Ещё одна удача на «охоте» — «Энциклопедический словарь» Ф. А. Брокгауза и И. А. Ефрона — в приличном состоянии и недорого — 82 руб. за 82 тома (моя зарплата тогда — 135 руб. в месяц). Сейчас словарь сто́ит, наверно, подороже. Помню исторический анекдот, связанный с этим словарём. Один из издателей (Брокгауз) отличался крайней скупостью и на жалобы авторов о задержке гонорара отвечал всегда: «Ах, я — собака беспамя́тная!» Авторы отплатили скареду, поместив в 5-м томе статью: Безпамятная собака — собака жадная до азартности.
Я, мои друзья, мои враги, мои друзья-враги
Известно, что труднее всего познать самого́ себя. Попытаюсь, однако…

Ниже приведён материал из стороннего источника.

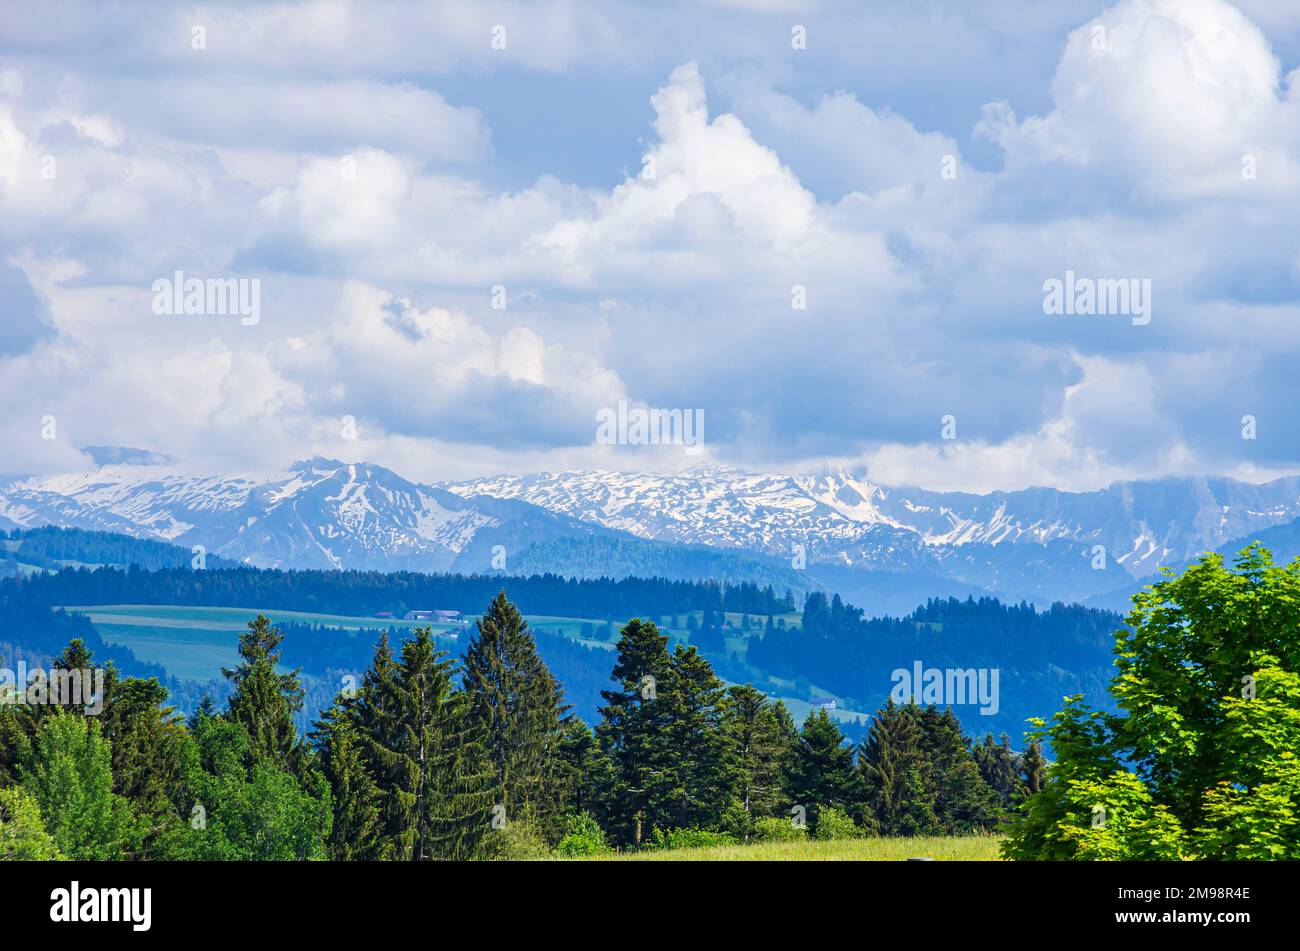 Picturesque scenery and rural area in the Western Allgaeu around the municipality of Scheidegg near Lindau, Bavaria, Germany. Stock Photo
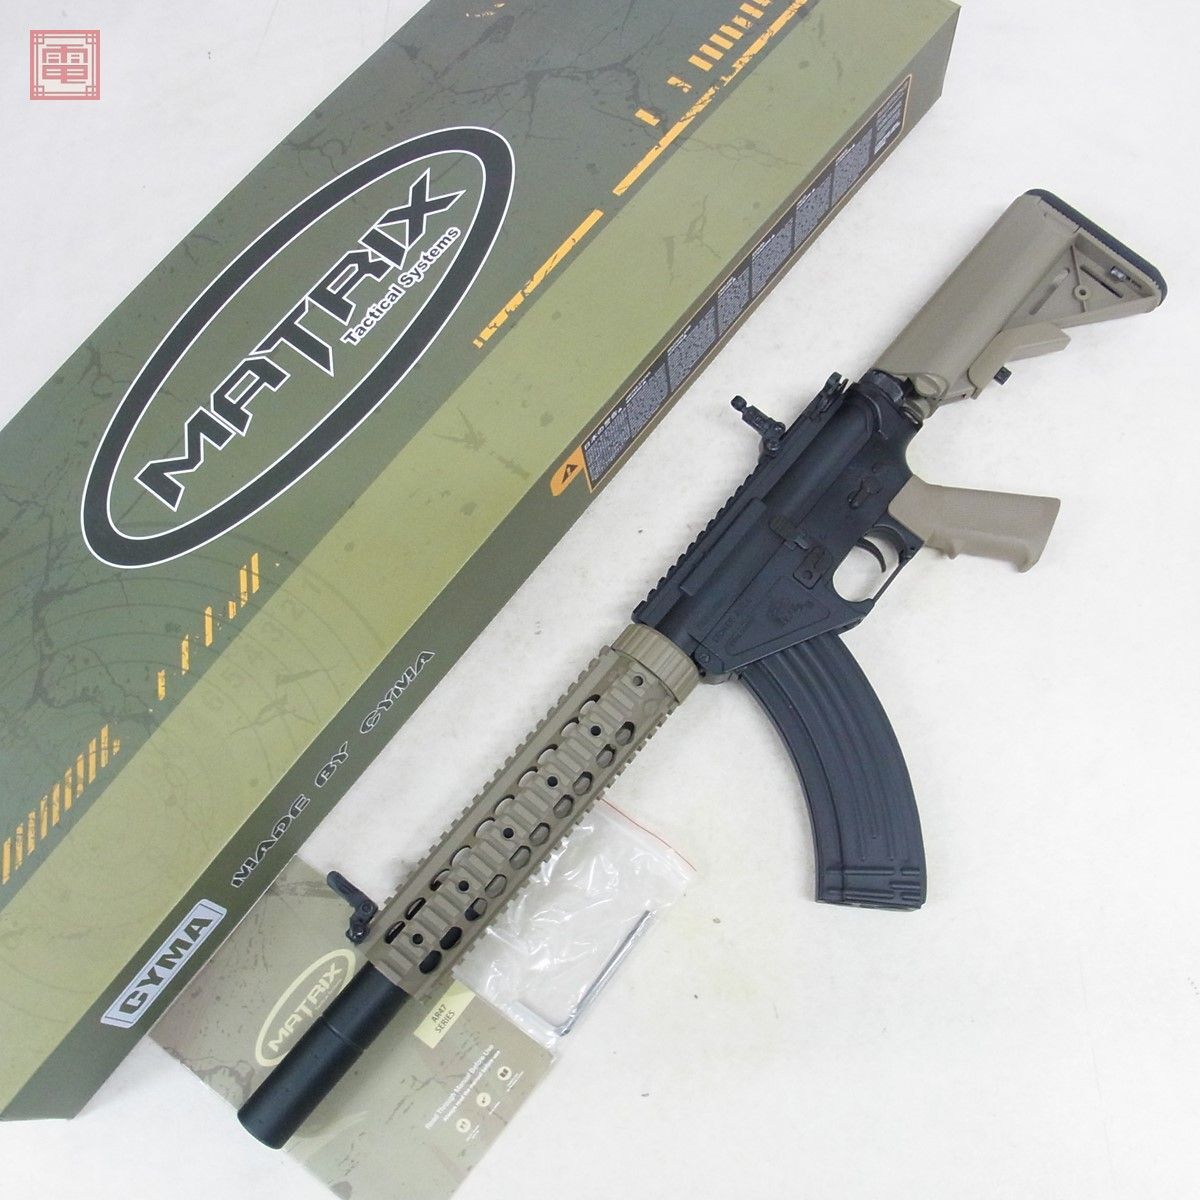 MATRIX / CYMA full metal electric gun KAC SR-47 FF SD silencer Nights Matrix present condition goods [40

Всю жизнь я наблюдаю — с интересом, часто с болью — за борьбой во мне двух характеров — отцовского и материнского. Эта борьба шла с переменным успехом: с годами победил обстоятельный, замкнутый, молчаливый отец, однако в юности, да и в среднем возрасте побеждало материнское начало — открытость, общительность, жизнелюбие. Вспоминается восторженный возглас молодого Гёте:
Как эту радость
В груди вместить! —
Смотреть! и слушать!
Дышать! и жить!
Или Есенин:
Эх, ты молодость, буйная молодость,
Золотая сорви-голова!
Однако уже в юности восторженность, жизнелюбие сочетались у меня с какой-то затаённой внутренней грустью. Мне не раз говорили, что глаза мои не смеются, когда я смеюсь. О моей студенческой фотографии друг Коля Нельзин сказал коротко: «Монашек». В са́мом деле: в XIX в. я мог бы стать монахом, в начале XX-го — пламенным революционером, а во второй половине XX-го стал диссидентом. Тут, видимо, проявились мои бунтарские старообрядческие корни и старообрядческая упёртость.